HOW TO COMPLETE THIS TASK =>
Leaving the pictures aside, repeat each line below exactly.

DATA SHOWN =>
..............................
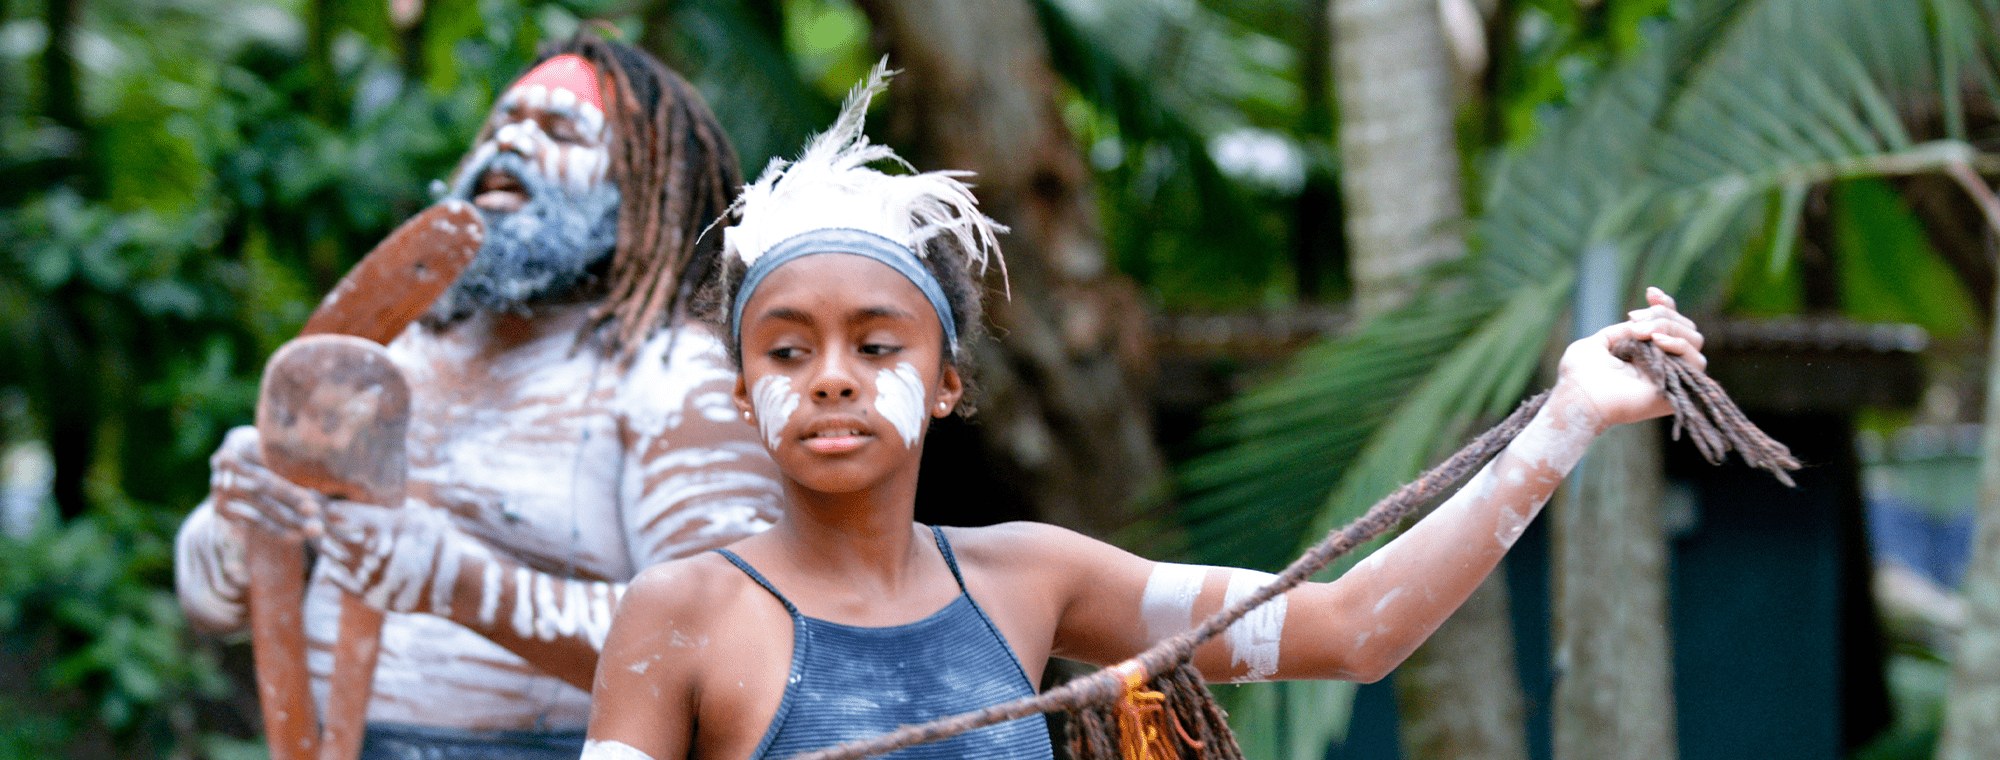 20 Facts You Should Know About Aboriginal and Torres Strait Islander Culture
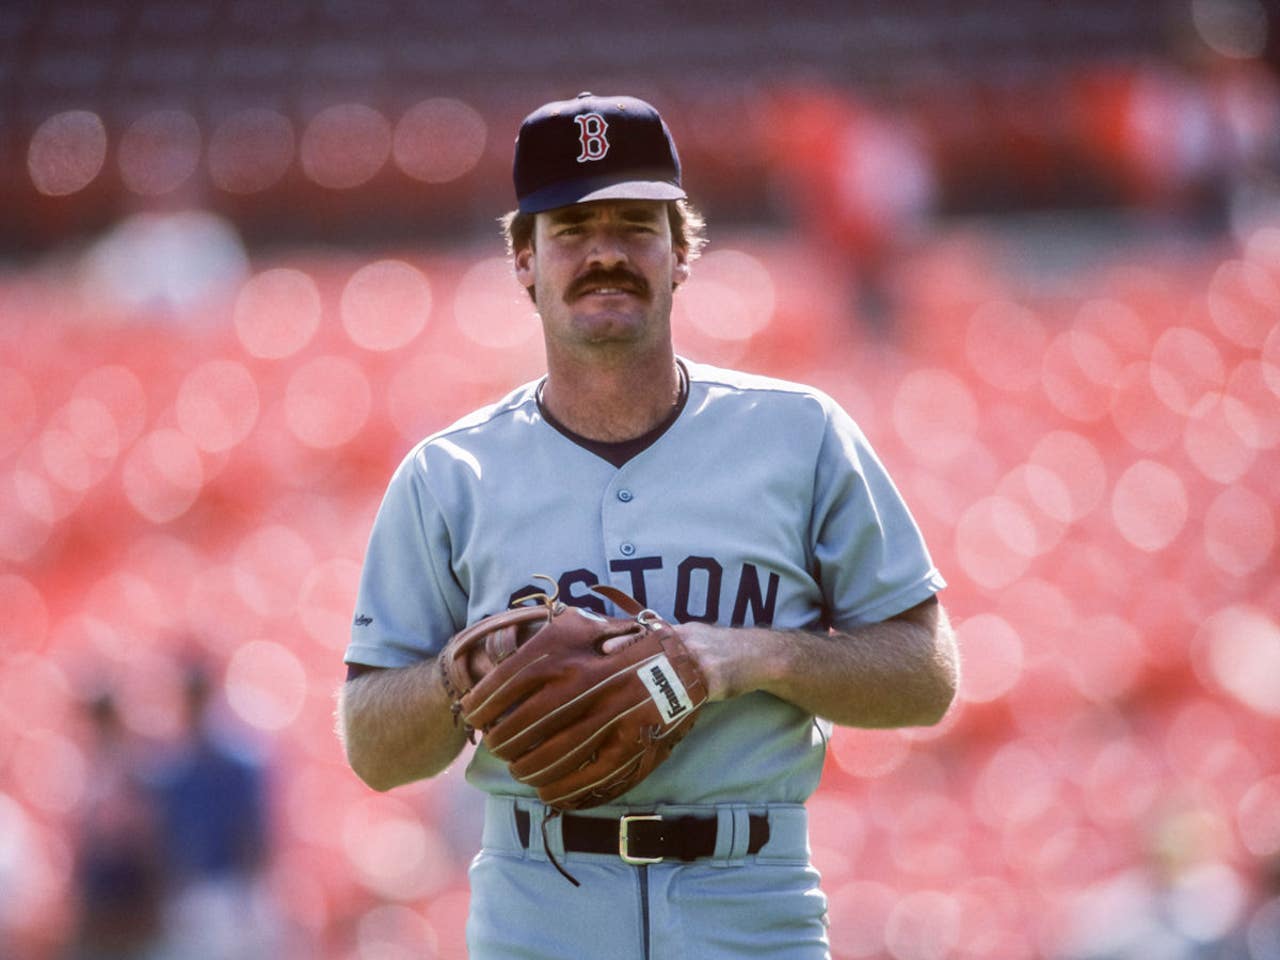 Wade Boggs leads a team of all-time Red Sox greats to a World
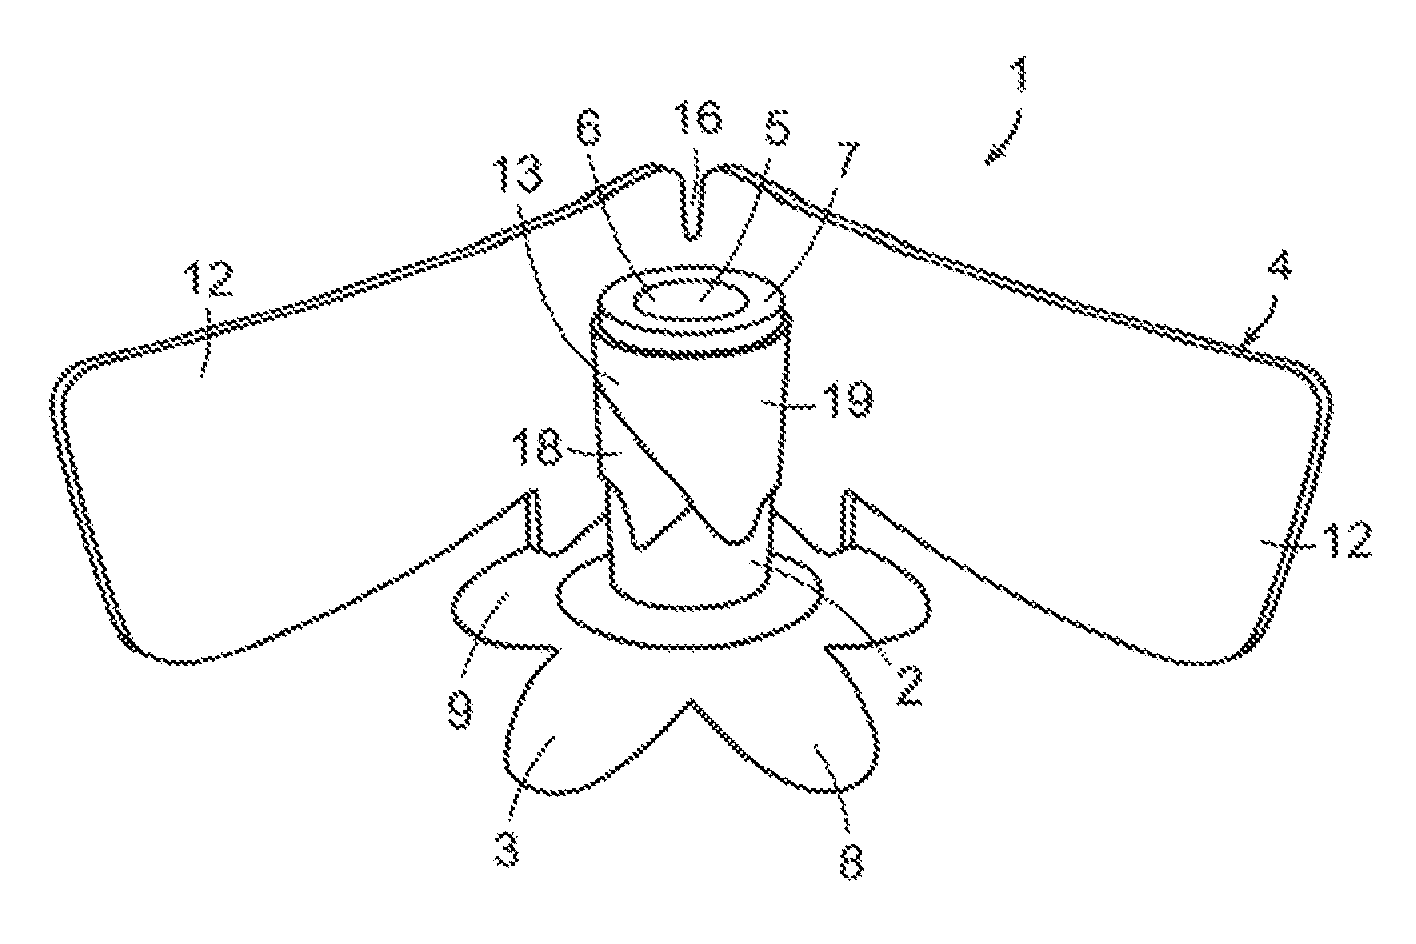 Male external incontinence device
..............................
SOLUTION TO THIS PROBLEM =>
 20 Facts You Should Know About Aboriginal and Torres Strait Islander Culture
 Wade Boggs leads a team of all-time Red Sox greats to a World
 Male external incontinence device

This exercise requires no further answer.